On TF. Train. Saver () and TF. Train. Import_ meta_ Key points of graph

Time:2021-12-2

(1) , tf.train.saver ()

(1) . TF. Train. Saver() is used to save tensorflow training model. All parameters are saved by default

(2) . it is used to load parameters. Note: only the parameters to be trained such as weights and offset items stored in data are loaded, and others are not loaded, including the graphs in the meta file

On TF. Train. Saver () and TF. Train. Import_ meta_ Key points of graph

(2) , tf.train.import_ meta_ graph

(1) Get is used to load the graph in the meta file and the node parameters defined on the graph, including the parameters to be trained such as weight offset term, as well as the intermediate parameters generated in the training process. All parameters are called through the graph interface_ tensor_ by_ Name (name = “parameter name during training”)

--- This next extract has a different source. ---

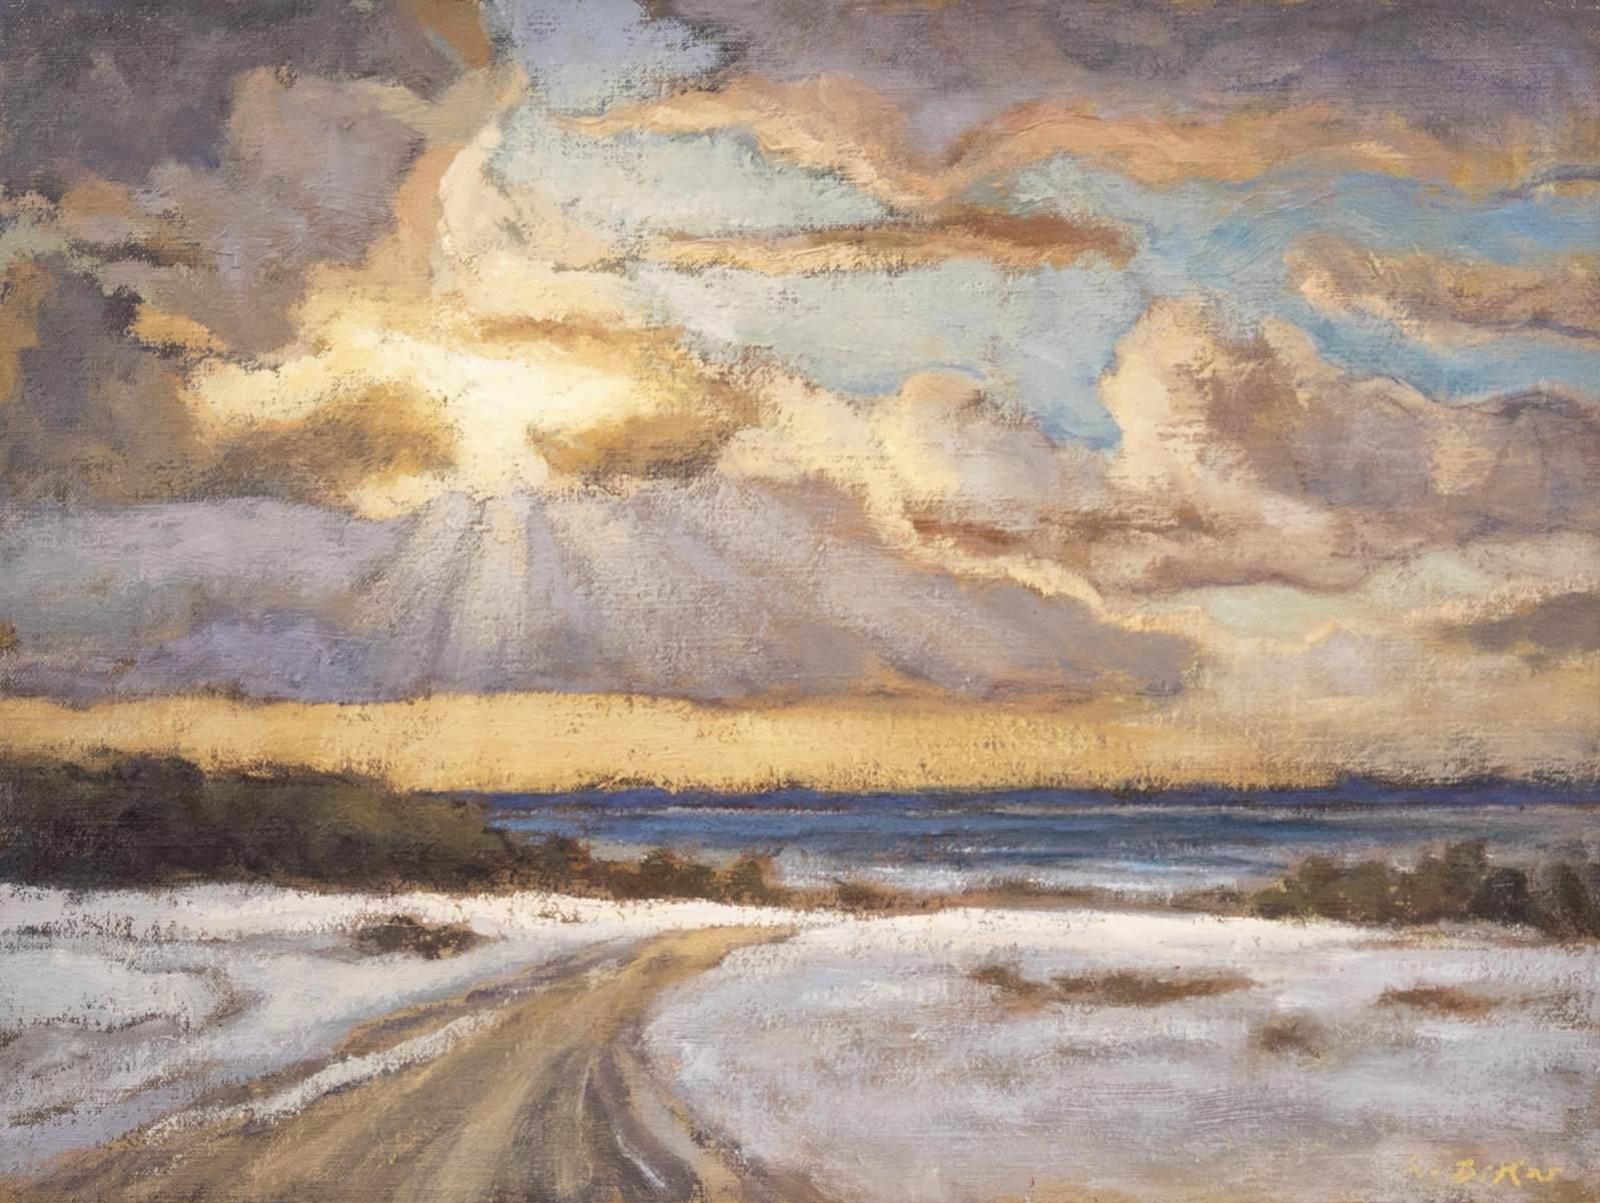 Antoine Bittar (1957) - Clouds Above The Ottawa River; 2004

On TF. Train. Saver () and TF. Train. Import_ meta_ Key points of graph

(3) . summary

(1) . save using TF. Train. Saver()

(2) . tf.train.import can be used for loading_ meta_ Graph (“. Meta file”), you can obtain the required parameters directly through the training parameter name, but you need to know the parameter name during training in advance. You should understand the tensorflow naming rules

(3) The disadvantage of. Tf.train.saver (“.. / checkpoints directory /”) loading is that only training parameters are loaded and must be defined the same (shape, dtype and tf.type, for example: I am a placeholder and you are also a tf.placeholder). When you want to obtain training intermediate parameters, you need to build the same network as the training process

Supplement: tf.train.import_ meta_ Graph reports keyerror

When I restore the model, I execute tf.train.import_ meta_ An error is reported in the graph

On TF. Train. Saver () and TF. Train. Import_ meta_ Key points of graph

Later, I found that my model was trained on the server. The tensorflow version on the server was 1.11.0, and I executed tf.train.import on the local computer_ meta_ Graph, my local tensorflow is 1.5.0. I updated tensorflow to 1.11.0 and solved it.

The above is my personal experience. I hope I can give you a reference, and I hope you can support developepper.